What were Japanese plans for China, after a victory in the Sino-Japanese War ?

Were the Japanese ready to accept a conditional surrender from the RoC ?

Would they have demanded complete demilitarization of the RoC ? Or "merely" restricting the RoC military forces to infantry only ? Or maybe even let the RoC have a limited amount of tanks, combat vehicles and artillery ?

For that matter, would they even have tolerated the continued existence of the RoC (as a satellite state), leading to two Chinese states ruled by Chiang and Wang under the Japanese umbrella ?
Or would they have annexed the whole of China to the "Reorganized National Government of China" ruled by Wang Jingwei, under direct Japanese occupation ?
Or even dropped the pretence of puppet local governments and directly annexed China ?

Would they have tried the equivalent of Generalplan Ost (ie. murdering the majority of Han Chinese and other ethnicities through starvation, overworking and other means ; turning the surviving minority into chattel slaves that had zero rights ; and settling the freed space with Japanese colonists) over the whole of China ? Or merely treated China as a resource extraction area, while letting Japanese colonists settle in Manchuria and coastal areas ?
 
Would they have tried the equivalent of Generalplan Ost (ie. murdering the majority of Han Chinese and other ethnicities through starvation, overworking and other means ; turning the surviving minority into chattel slaves that had zero rights ; and settling the freed space with Japanese colonists) over the whole of China ?
I’ve never seen any plans for a Japanese equivalent of Generalplan Ost. They were mass murdering racists but they never made an explicitly genocidal plan to kill 75% of Chinese, 50% of Vietnamese, 65% of Thai etc like the Reich did.
Or merely treated China as a resource extraction area, while letting Japanese colonists settle in Manchuria and coastal areas ?
Everything I’ve read points to this. It would likely be an Asian version of the Congo Free State.
 
"The Japanese" were not a unified organization with a single plan for China.
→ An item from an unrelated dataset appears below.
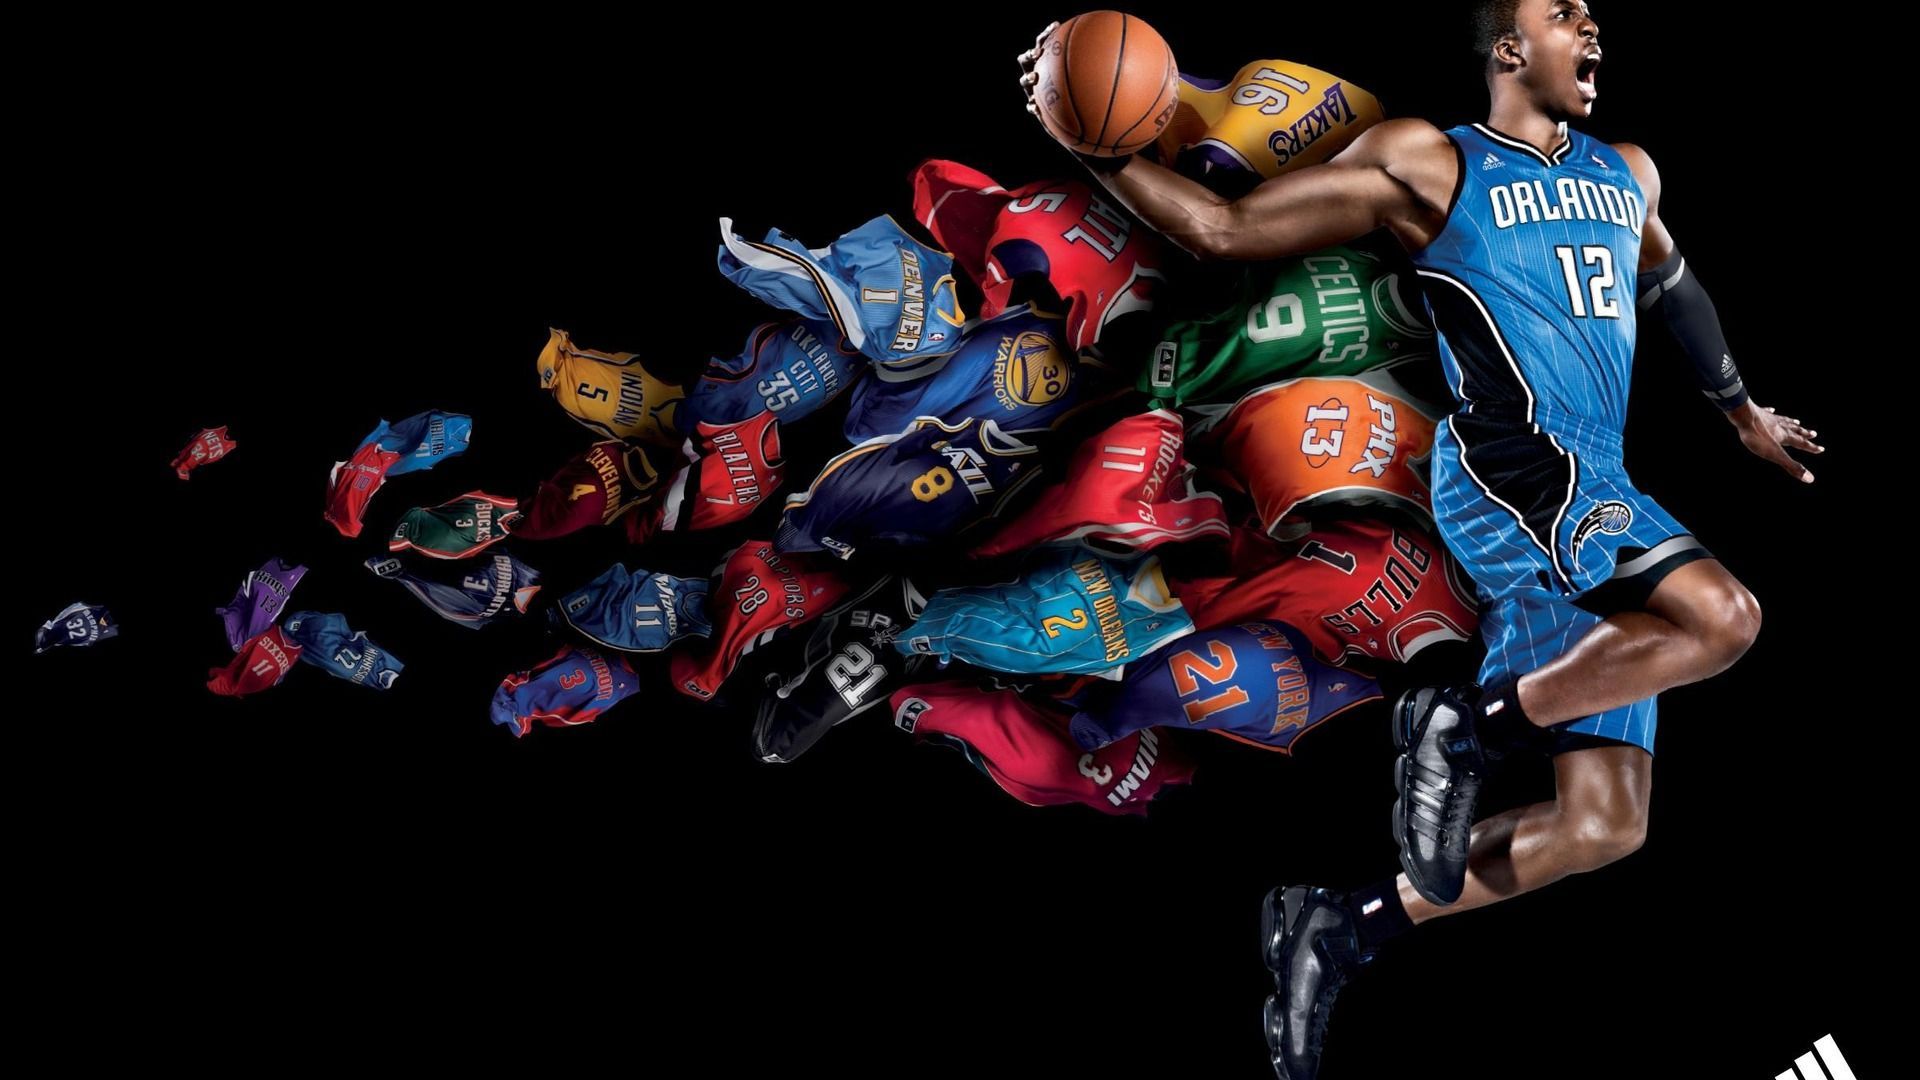 WallpaperDog đã sẵn sàng đem đến cho bạn những hình ảnh chất lượng cao của NBA để làm hình nền cho máy tính của mình. Với đa dạng về chủ đề, người xem sẽ có nhiều sự lựa chọn để chiêm ngưỡng những khoảnh khắc đẹp nhất của môn thể thao này.

The Second Sino-Japanese War was largely begun as a result of actions by mid-level officers in the Kwantung Army; but once the Japanese government committed to the war the Navy felt the need to get involved and launched an offensive at Shanghai that the Kwantung Army did not desire. So the Kwantung Army and the IJN had different war plans and goals, but also the Imperial Japanese Army Headquarters in Tokyo launched efforts to rein in the Kwantung Army out of fear of their independence, leading to infighting between two Army factions. This is before you consider the civilian government, itself obviously split into multiple parties (or, after the formation of the Imperial Way, multiple factions) and eager to assert some control over events.

During the war itself, the Japanese backed multiple separate puppet Chinese regimes simultaneously, despite the overlapping claims to control the country and infighting that generated. Some of those regimes, notably the Wang Jinwei regime (the largest) maintained significant military forces (under Japanese control) others, such as the Wang Kemin regime, were not permitted to raise troops.

In short, the Japanese lacked a single unified plan for ending the war in China. The plans they did develop they were unable to execute without achieving consensus amongst themselves. This makes attempting to define what they would have done in case of victory futile, as it would most likely have been quite changed from the various plans they discussed during the war.